* **TASK**
Produce a word-for-word copy of the line that contains "Stackable Box 5 Height Laser Cut Files" and each line after it through the end of the material, omitting pictures and all other lines.

* **DATA PROVIDED**
▬▬▬

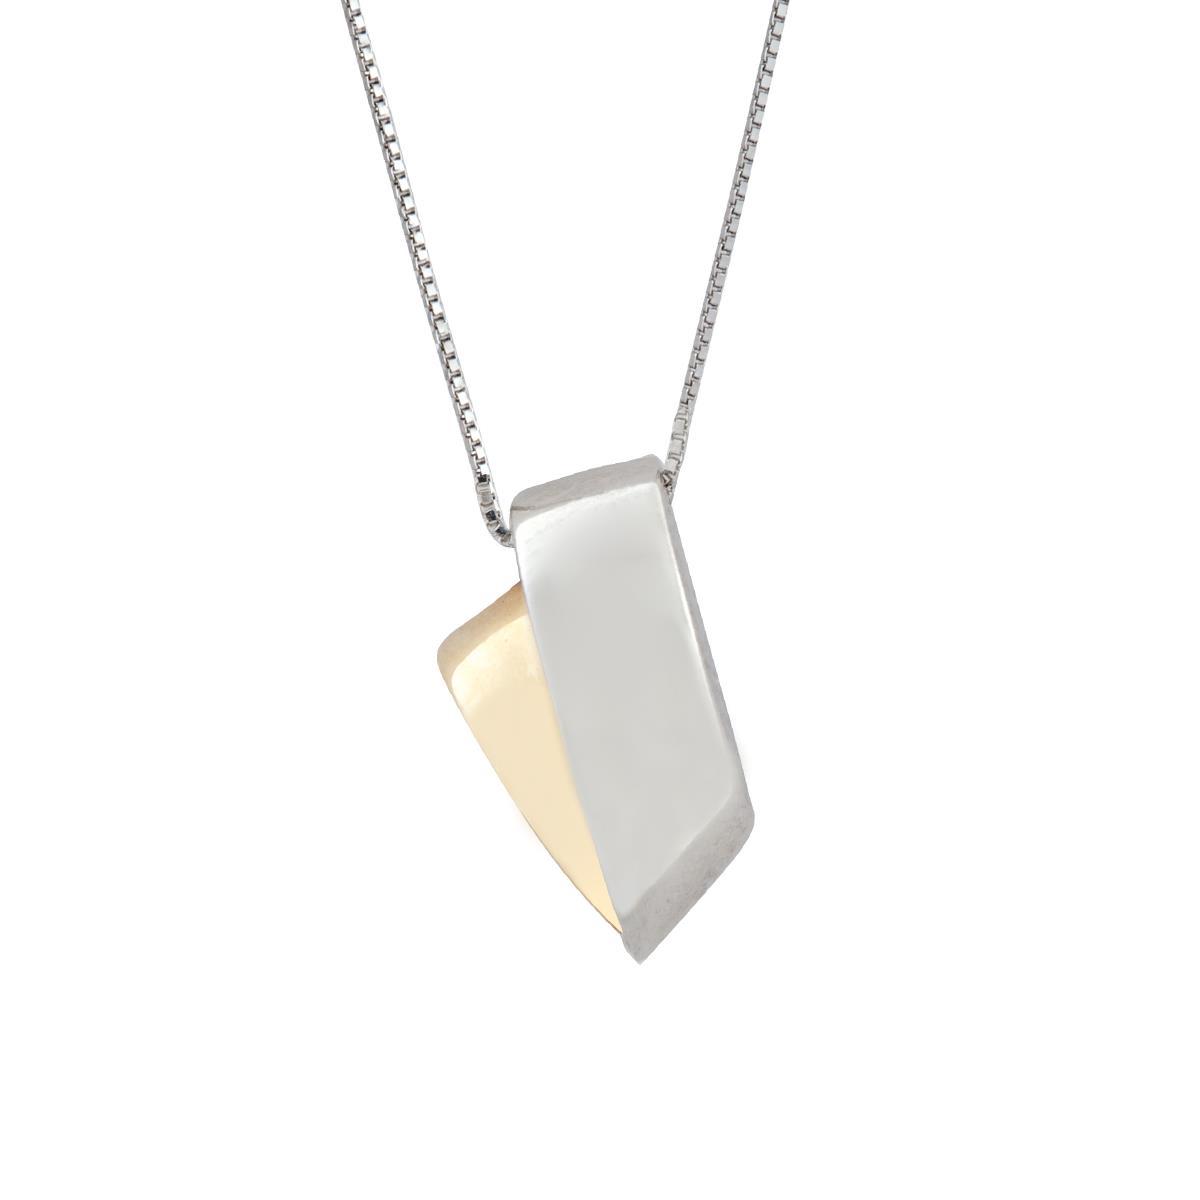 Shiny two-tone necklace in 18kt gold - CEA2549-LN
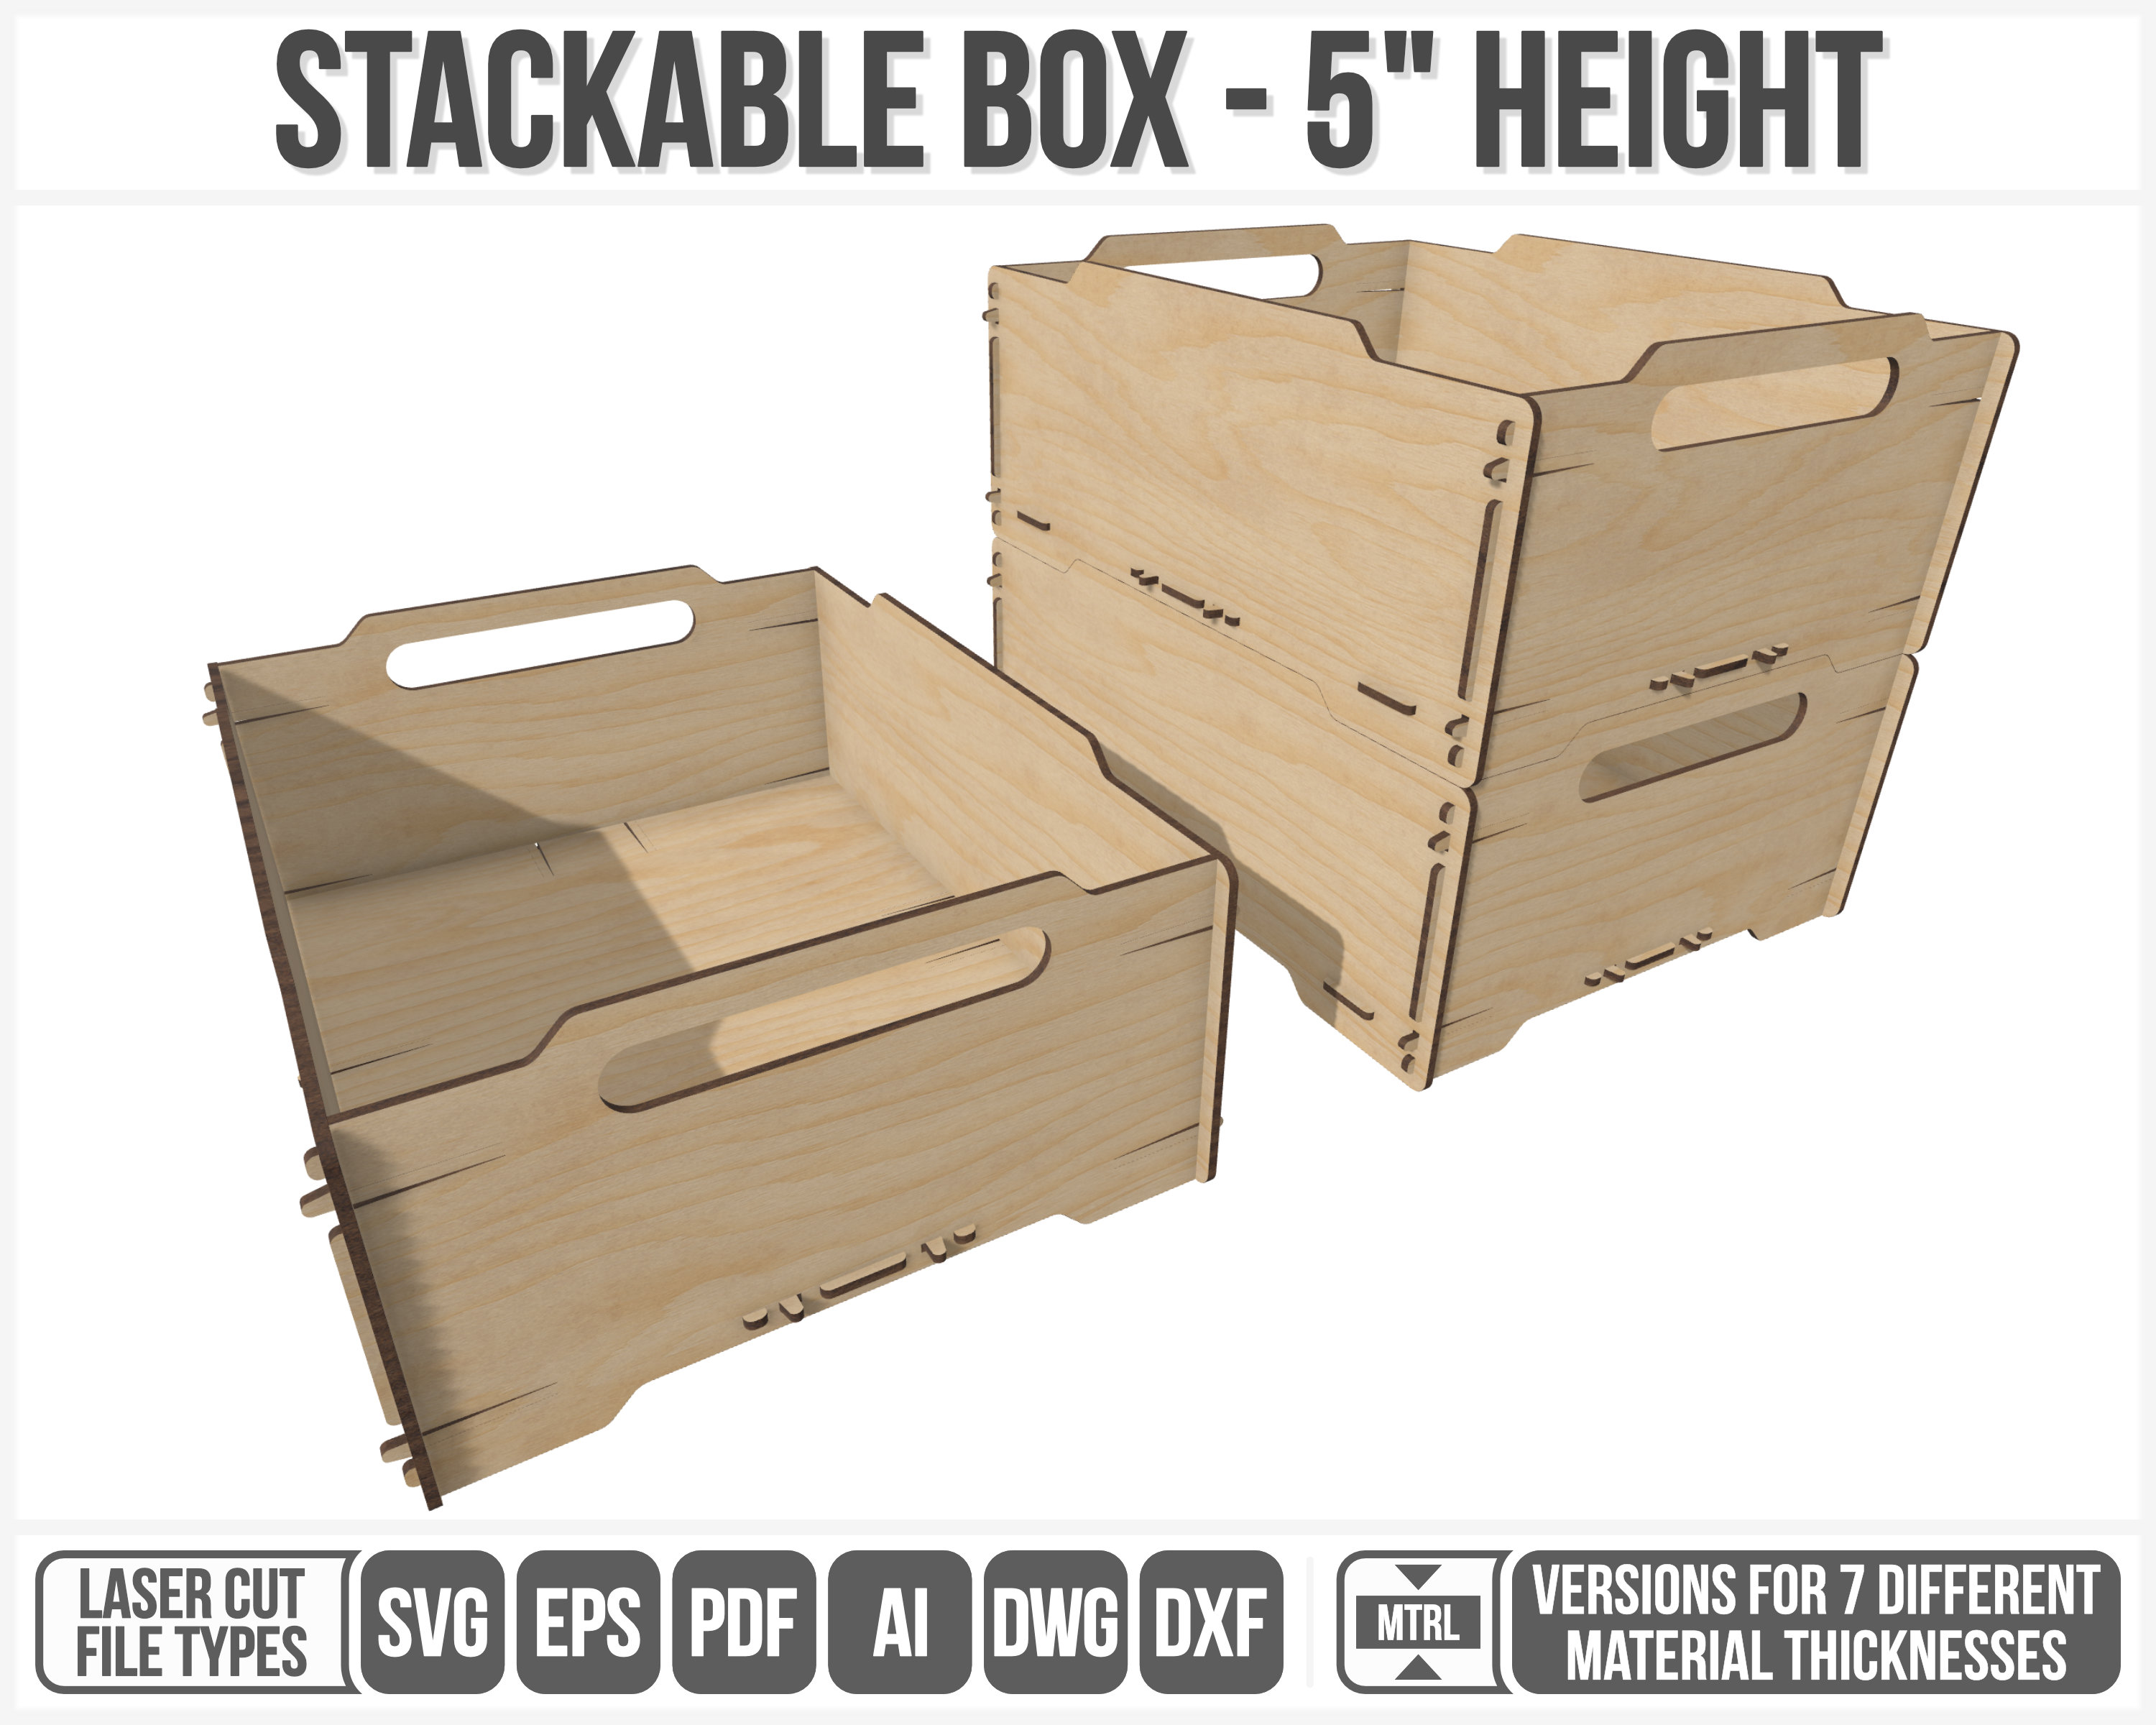 Stackable Box 5 Height Laser Cut Files 
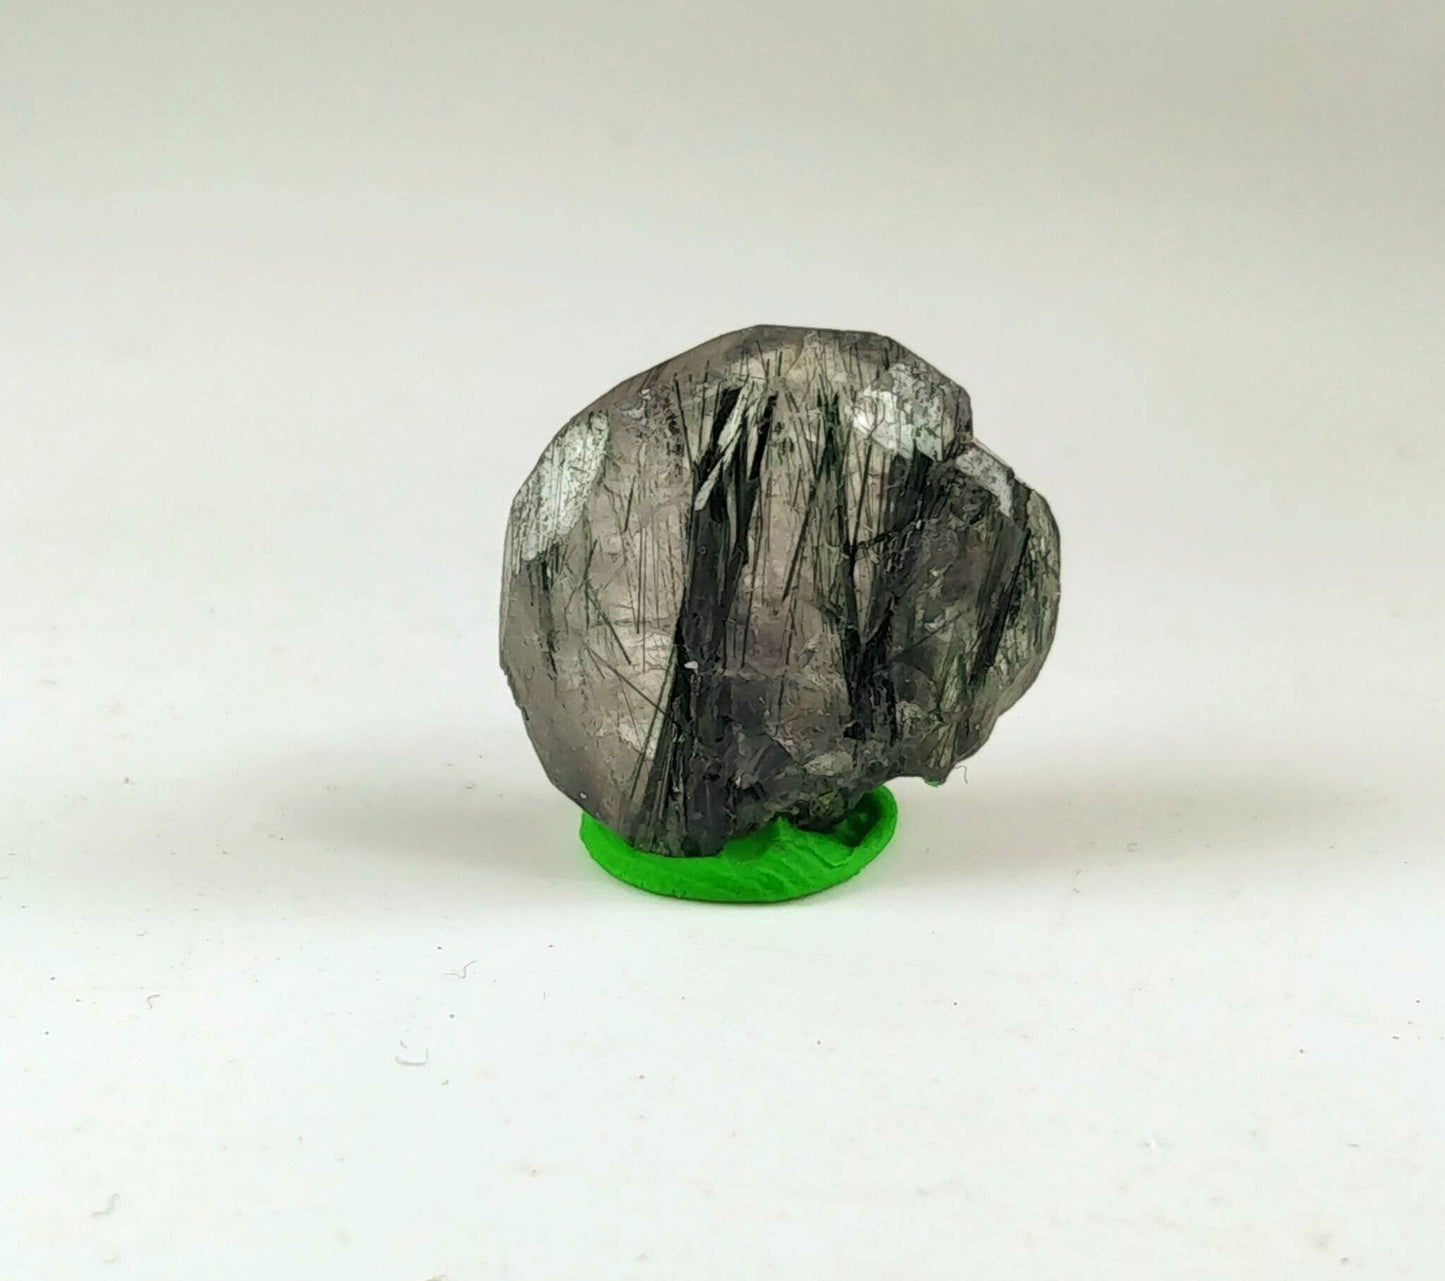 ARSAA GEMS AND MINERALSApatite with actinolite inclusion transparent small thumbnail size crystal from Mohmand Agency KPK Pakistan, weight 3.7 grams - Premium  from ARSAA GEMS AND MINERALS - Just $25.00! Shop now at ARSAA GEMS AND MINERALS

▬▬▬

* **ANSWER TO THIS EXERCISE**
 Stackable Box 5 Height Laser Cut Files 
 ARSAA GEMS AND MINERALSApatite with actinolite inclusion transparent small thumbnail size crystal from Mohmand Agency KPK Pakistan, weight 3.7 grams - Premium  from ARSAA GEMS AND MINERALS - Just $25.00! Shop now at ARSAA GEMS AND MINERALS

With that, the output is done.